[Records drawn from a dataset]
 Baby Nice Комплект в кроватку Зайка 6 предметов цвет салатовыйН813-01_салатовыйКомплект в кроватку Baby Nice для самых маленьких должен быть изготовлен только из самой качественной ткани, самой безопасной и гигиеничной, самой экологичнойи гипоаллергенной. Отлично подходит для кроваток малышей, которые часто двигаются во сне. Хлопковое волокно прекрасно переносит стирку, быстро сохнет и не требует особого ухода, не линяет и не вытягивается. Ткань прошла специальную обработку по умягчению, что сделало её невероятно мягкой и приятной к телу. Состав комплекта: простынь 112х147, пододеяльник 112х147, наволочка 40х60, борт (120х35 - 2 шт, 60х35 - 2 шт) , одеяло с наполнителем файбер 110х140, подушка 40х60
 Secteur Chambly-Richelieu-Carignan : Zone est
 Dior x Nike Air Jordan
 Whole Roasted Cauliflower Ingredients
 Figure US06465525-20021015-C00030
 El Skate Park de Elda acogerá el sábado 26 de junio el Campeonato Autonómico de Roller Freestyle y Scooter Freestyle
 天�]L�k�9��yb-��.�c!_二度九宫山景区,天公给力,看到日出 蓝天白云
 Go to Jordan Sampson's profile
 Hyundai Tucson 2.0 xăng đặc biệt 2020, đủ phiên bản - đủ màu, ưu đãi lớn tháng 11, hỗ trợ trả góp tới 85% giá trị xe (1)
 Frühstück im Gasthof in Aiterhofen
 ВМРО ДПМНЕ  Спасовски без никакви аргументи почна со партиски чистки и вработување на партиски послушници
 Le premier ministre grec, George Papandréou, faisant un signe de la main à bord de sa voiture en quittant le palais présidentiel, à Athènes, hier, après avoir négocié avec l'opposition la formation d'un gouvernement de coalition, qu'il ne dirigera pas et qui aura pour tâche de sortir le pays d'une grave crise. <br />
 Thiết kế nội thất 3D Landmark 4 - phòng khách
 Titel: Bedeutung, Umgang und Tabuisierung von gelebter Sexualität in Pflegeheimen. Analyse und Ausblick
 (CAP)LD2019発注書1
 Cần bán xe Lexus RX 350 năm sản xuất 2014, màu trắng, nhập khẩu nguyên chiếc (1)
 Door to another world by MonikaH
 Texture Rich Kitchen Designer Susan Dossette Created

## Directions for this task
Please copy, word for word, every line from the first line of the records through the line containing "(CAP)LD2019発注書1", with both of those lines included and nothing else.

## Reply to the exercise
 Baby Nice Комплект в кроватку Зайка 6 предметов цвет салатовыйН813-01_салатовыйКомплект в кроватку Baby Nice для самых маленьких должен быть изготовлен только из самой качественной ткани, самой безопасной и гигиеничной, самой экологичнойи гипоаллергенной. Отлично подходит для кроваток малышей, которые часто двигаются во сне. Хлопковое волокно прекрасно переносит стирку, быстро сохнет и не требует особого ухода, не линяет и не вытягивается. Ткань прошла специальную обработку по умягчению, что сделало её невероятно мягкой и приятной к телу. Состав комплекта: простынь 112х147, пододеяльник 112х147, наволочка 40х60, борт (120х35 - 2 шт, 60х35 - 2 шт) , одеяло с наполнителем файбер 110х140, подушка 40х60
 Secteur Chambly-Richelieu-Carignan : Zone est
 Dior x Nike Air Jordan
 Whole Roasted Cauliflower Ingredients
 Figure US06465525-20021015-C00030
 El Skate Park de Elda acogerá el sábado 26 de junio el Campeonato Autonómico de Roller Freestyle y Scooter Freestyle
 天�]L�k�9��yb-��.�c!_二度九宫山景区,天公给力,看到日出 蓝天白云
 Go to Jordan Sampson's profile
 Hyundai Tucson 2.0 xăng đặc biệt 2020, đủ phiên bản - đủ màu, ưu đãi lớn tháng 11, hỗ trợ trả góp tới 85% giá trị xe (1)
 Frühstück im Gasthof in Aiterhofen
 ВМРО ДПМНЕ  Спасовски без никакви аргументи почна со партиски чистки и вработување на партиски послушници
 Le premier ministre grec, George Papandréou, faisant un signe de la main à bord de sa voiture en quittant le palais présidentiel, à Athènes, hier, après avoir négocié avec l'opposition la formation d'un gouvernement de coalition, qu'il ne dirigera pas et qui aura pour tâche de sortir le pays d'une grave crise. <br />
 Thiết kế nội thất 3D Landmark 4 - phòng khách
 Titel: Bedeutung, Umgang und Tabuisierung von gelebter Sexualität in Pflegeheimen. Analyse und Ausblick
 (CAP)LD2019発注書1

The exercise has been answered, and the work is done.